We are taught women are emotional and therefore unreliable when it comes to issues of their sexuality and sexual health. And finally, we're that that if they aren't virgins, they must be whores. If they've had sex once, they probably wanted it. 

If they don't want it, women shouldn't dress provocatively, walk alone, go to clubs, or do any number of other things that some guy once decided meant a woman "wants it" and actually wants it from anybody any time. That apparently includes getting marriedIf a woman fails to take these steps, they're probably at fault. They should've known better.

This is what our society tells us. Regularly.

On the other hand, our boys will be boys attitude suggests men should and do consistently pursue sex and that shouldn't cost them their lives or freedom.
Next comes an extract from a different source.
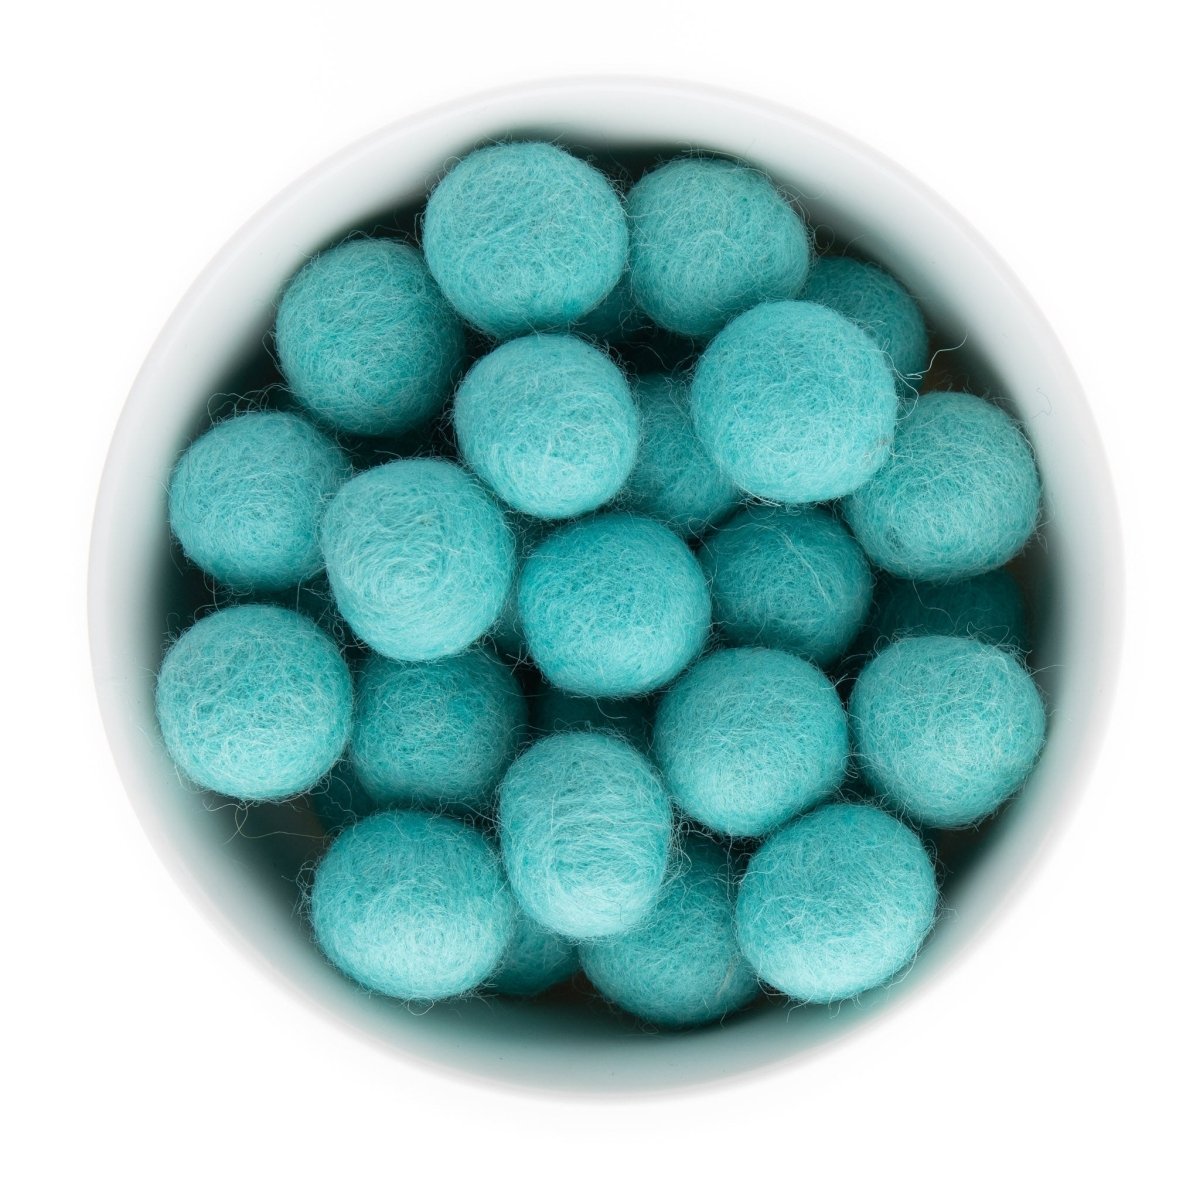 Felt & Crochet Beads Felt Balls 22mm Sea Blue from Cara & Co Craft Supply

We are taught to sympathize with the rapist because they look like sweet young boys we probably knew back home. Do we really want to ruin their lives because of a little confusion as to whether her "no" was "no" or "oh, baby, no, no, no, yes, yes, yes!" 

This brings me back to Roger Rivard's assertion that "some girls rape easy." This is reflective of the idea that men should be pursuing sex but sometimes it just get a little confusing for them as to what a woman wants. It is, once again, the assumption that the woman is at fault. It's not just that she's promiscuous but that she's emotional and unclear about what she wants from her partner. She wants to be a good girl, but she also doesn't want to be. She therefore must've gotten herself into a situation where she is unclear for the guy and he just accidentally ends up raping her.  And isn't it just terrible that his life would be ruined like that?

Most of consciously reject some or all of these proposition to an extent, but their social prominence unconsciously gnaws at us when we consider how to prove rape. It's why we don't give sufficient credence to eye-witness testimony in rape cases. It's why psychological testimony regarding the way trauma affects the giving of evidence is rarely fully introduced at trial.  

And it's why we distinguish between the viability of sole eye-witness testimony in the armed robbery of a grocery store versus the continuous rape of 2 girls by 14 boys.

Because when it's rape, someone pointing the finger isn't sufficient. Particularly when it's just some emotional girl who didn't do enough to protect herself or fight back.

In that case, it's just "he said / she said" and how in the world could we ever have justice if we convicted on that basis alone?